The crisis of “liberal democracy” is at the centre of discussions in the academic, industry and media circles in the West.
This idea has taken centre stage only because of the post-1989 narrative, which shows the “liberal capitalist” order as having won post-Second World War.
Tomorrow (31 May), I am attending a conference that deals with the decline of Western “liberalism capitalism” and how it should be arrested. In the past year, I have been submerged with articles and books that discuss the same topic. They come from all parts of social sciences: economics, politics, sociology, anthropology, geopolitics… It seems that you cannot write anything meaningful today unless you first address “populism” and the crisis of “liberal democracy”.
Throughout all of this, I have had a strong feeling of “unreality”. Not only because the people who write about the crisis live the lives that are, by far, the best lives in the history of humankind, but that the talk of the crisis seems vastly exaggerated. And I was wondering where does this extravagant fear, “the end is nigh”, come from. The cause, I think, is twofold: lack of knowledge of history and, more importantly, the Fukuyama-like narrative of post 1989 triumphalism.
The post-1989 narrative that was, often for self-serving reasons, promulgated in both the academic and popular circles in the West (and in the former Eastern bloc for obvious reasons) saw the period after the end of Second World War as a victory of liberal capitalist democracy that was not allowed to take place in some parts of the world because of the imposition of Soviet “glacis”. Once the Soviet pressure relaxed all these countries, and of course all the others (according to the triumphalist narrative) from Iraq to China, saw, or will soon see, the advantages of liberal capitalism and adopt the system. It was a very simple and seductive narrative. While Fukuyama’s original essay was based on important, Hegelian historical and ideological precedents, it gradually got watered down into a simplified Hollywoodesque story of a battle of good and evil – where it was even incomprehensible how the “evil” (except for its intrinsic “evilness”) was able to put up such a good fight for decades.

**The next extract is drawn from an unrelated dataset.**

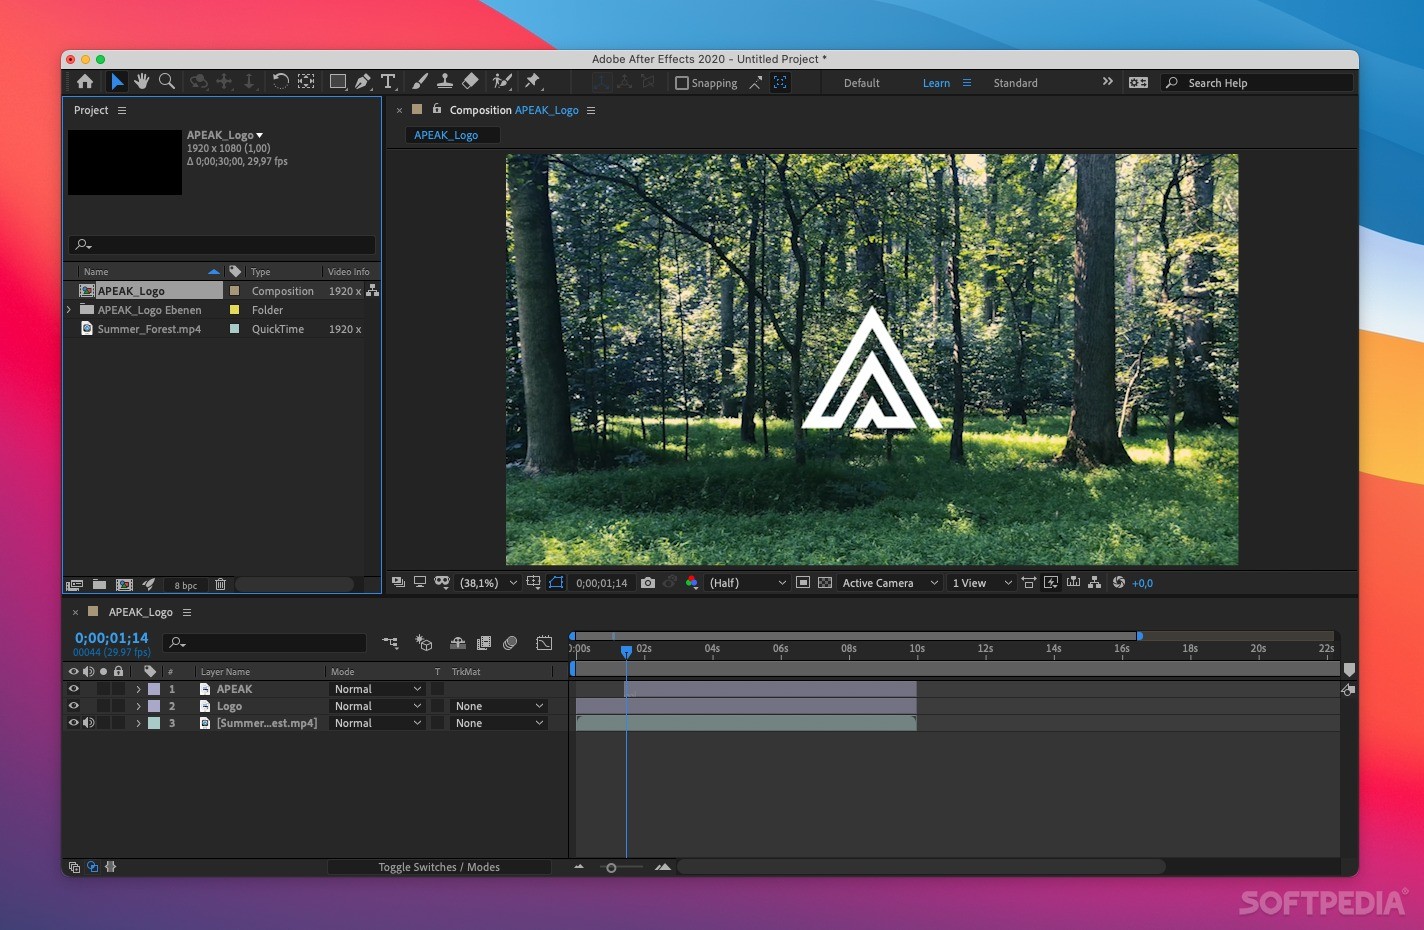 adobe after effects cc 2015 free download mac

In reality, as even amateurish students of European history know, that narrative is deeply flawed. Europe, as it emerged after the Second World War with fascism defeated in Germany and Italy, but its many tentacles present all over Europe, was internally deeply divided between the democratic and Communist factions. The former eventually prevailed, but after having to keep in check, and often by very brutal and undemocratic means, one-quarter of the electorate in France and Italy, large organised trade unions linked with Communist and socialist parties in most of Continental Europe, all the while supporting capitalist dictatorial regimes in most of the Mediterranean Europe and in places as far away as Chile, Guatemala, Taiwan and South Korea. And not to mention fighting innumerable colonialist and post-colonialist wars where the “liberal democracies” invariably and not accidentally supported the “bad” guys : from Mobutu in Congo to Holden Roberto in Angola.
“Liberal democracy” was in a continual crisis, fighting for its mere survival, buffeted domestically by strikes, wage demands, RAF and Brigate Rosse, and internationally by the challenges of the Third World emancipation and Soviet influence. It fought off all challengers and survived, not because everybody, as the triumphalist narrative would have it, saw that it was a more “natural” system, but because it used power and intimidation on the one hand, and superior economic performance for the masses on the other. In 1945, the chances of democratic capitalism winning over the Soviet system were 10 per cent (read Schumpeter); in 1965, they were 30 per cent (read Samuelson, Galbraith and Tinbergen); in 1975, they were 60 per cent; by 1985, they were 90 per cent; and in 1989, it won. So at the end, the system that, up to the mid-1970s, did not even dare mention its name (“capitalism”), because it was used only by the left and only as a term of opprobrium, could openly declare what it was and hyphenate it, dubiously, with the adjective of “liberal”.
When you have in your mind this (I think) much more accurate narrative of the past half-century, the current crisis can only be seen as one of the many crises of capitalism. Like a swimmer that at times goes down under water when the winds are high and then re-emerges when the winds die down, liberal capitalism is now going through one of its periodic episodes of withdrawal and weakness. There is no guarantee that it will emerge victorious from this one – it did not in 1917, nor in 1922, nor in 1933 – but it allows us to think of the problem much more clearly than if we view the world through the misleading lenses of a continuous and conflictless march toward the chiliastic reign of democracy and “liberalism”.
This is where unfortunately the vulgarisers of Fukuyama terribly misled the young Western generation. Having had no direct experience of attractiveness and importance of nationalism, Fascism, populism or Communism (the Orwell of “Homage to Catalonia” is never mentioned, but the Orwell of the “Animal Farm” is known by all.) they imagined that no rational human being could ever entertain such views. They imagined that such beliefs had to be imposed from without – by the use of extravagant force. So, they believed (in part because it also economically suited them as many of them came of age in the last decade of the twentieth century), that the foreordained teleological march towards the system about which their parents and grandparents entertained serious doubts, could no longer be forestalled. When the march deviated from the planned course, they panicked. But they should not. They should look back at history: historia magistra vitae est.